In a paper The Truth Assignments That Differentiate Human Reasoning From Mechanistic Reasoning: The Evidence-Based Argument for Lucas’ Gödelian Thesis, due to appear in the December 2016 issue of Cognitive Systems Research, we briefly consider (Anand [1]) a philosophical challenge that arises when an intelligence—whether human or mechanistic—accepts arithmetical propositions as true under an interpretation—either axiomatically or on the basis of subjective self-evidence—without any specified methodology for evidencing such acceptance (for a brief, relatively recent, review of such challenges, see Feferman [2], Feferman [3]).

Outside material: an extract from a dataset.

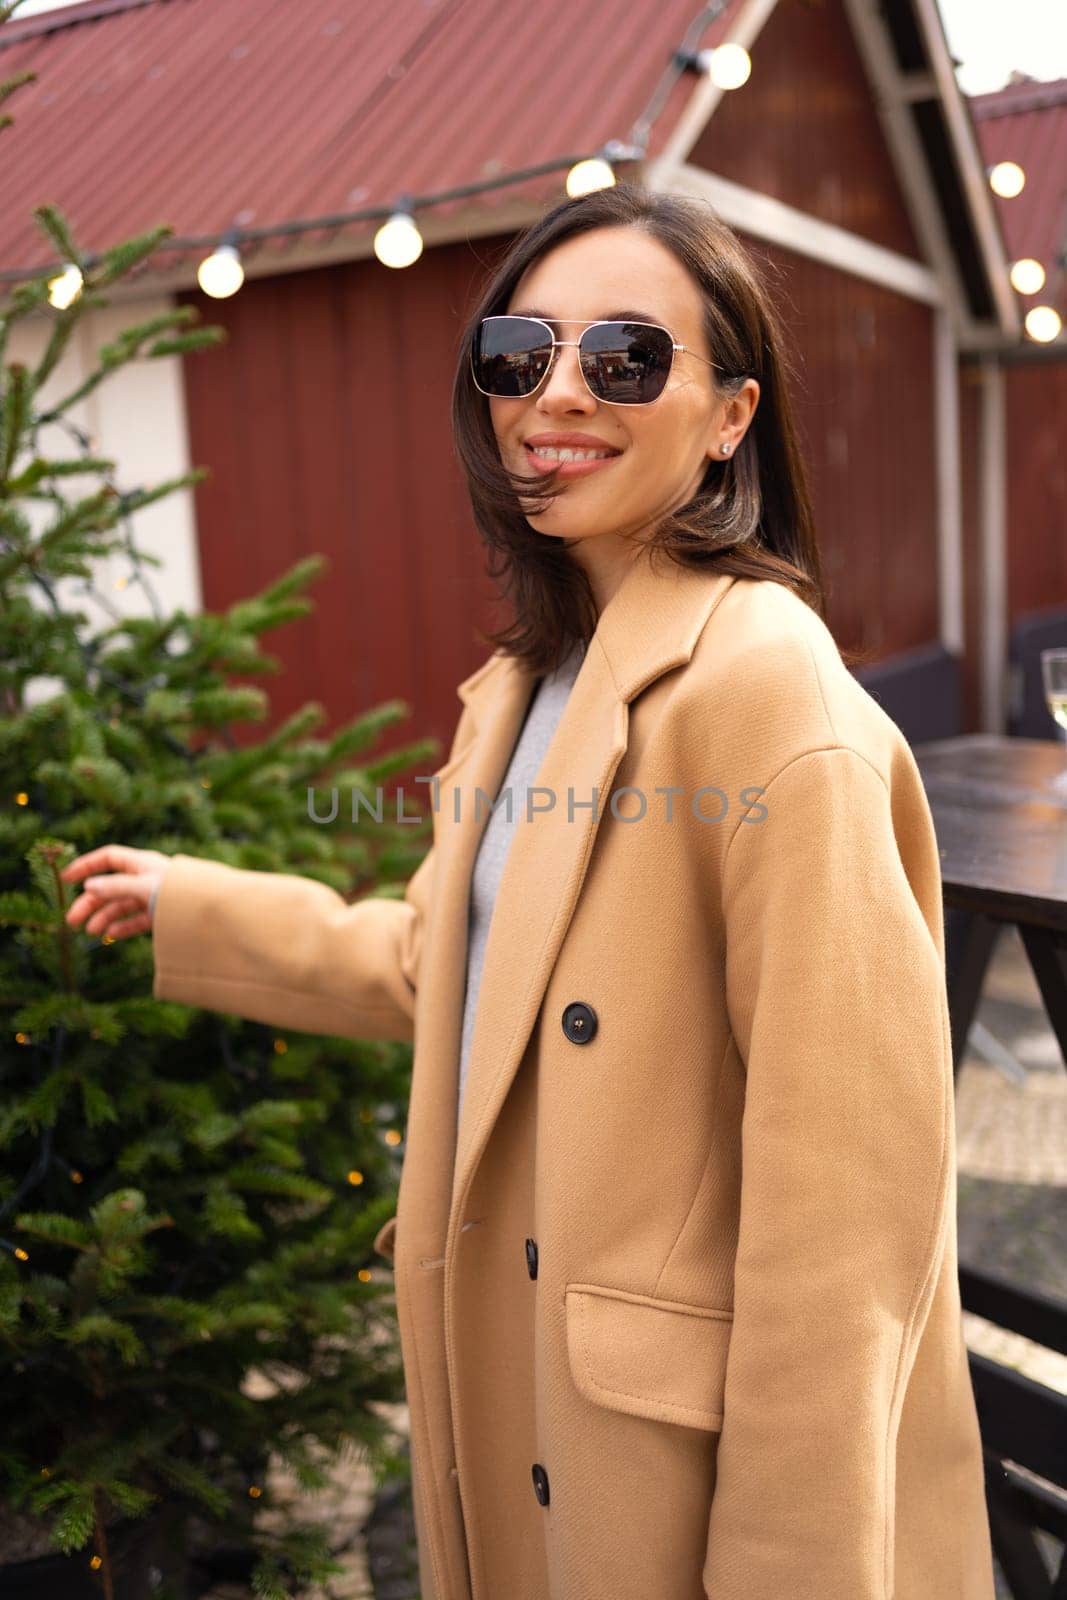 Woman looking for perfect Christmas tree to buy on the tree shop, outdoor in European city. Girl using hand for check the quality. Dressed stylish trench coat and sunglasses

The ambiguity in the standard interpretation of the Peano Arithmetic PA

For instance conventional wisdom, whilst accepting Tarski’s classical definitions of the satisfiability and truth of the formulas of a formal language under an interpretation (Anand [1], p.44), postulates that under the classical standard interpretation \mathcal{I}_{PA(\mathbb{N},\ Standard,\ Classical)} (we shall refer to this henceforth as \mathcal{I}_{PA(\mathbb{N},\ S)}) of the first-order Peano Arithmetic PA (we take this to be the first-order theory defined in any standard text corresponding to the theory S in Mendelson [4], p.102) over the domain \mathbb{N} of the natural numbers:

(i) The satisfiability/truth of the atomic formulas of PA can be assumed as uniquely decidable under \mathcal{I}_{PA(\mathbb{N},\ S)};

(ii) The PA axioms can be assumed to uniquely interpret as satisfied/true under \mathcal{I}_{PA(\mathbb{N},\ S)};

(iii) The PA rules of inference—Generalisation and Modus Ponens—can be assumed to uniquely preserve such satisfaction/truth under \mathcal{I}_{PA(\mathbb{N},\ S)};

(iv) Aristotle’s particularisation can be assumed to hold under \mathcal{I}_{PA(\mathbb{N},\ S)}.

We define Aristotle’s particularisation as the non-finitary assumption that an assertion such as, `There exists an x such that F(x) holds’—usually denoted symbolically by `(\exists x)F(x)‘—can always be validly inferred in the classical logic of predicates from the assertion, `It is not the case that: for any given x, F(x) does not hold’—usually denoted symbolically by `\neg(\forall x)\neg F(x)‘ (see also Hilbert & Ackermann [5], pp.58-59).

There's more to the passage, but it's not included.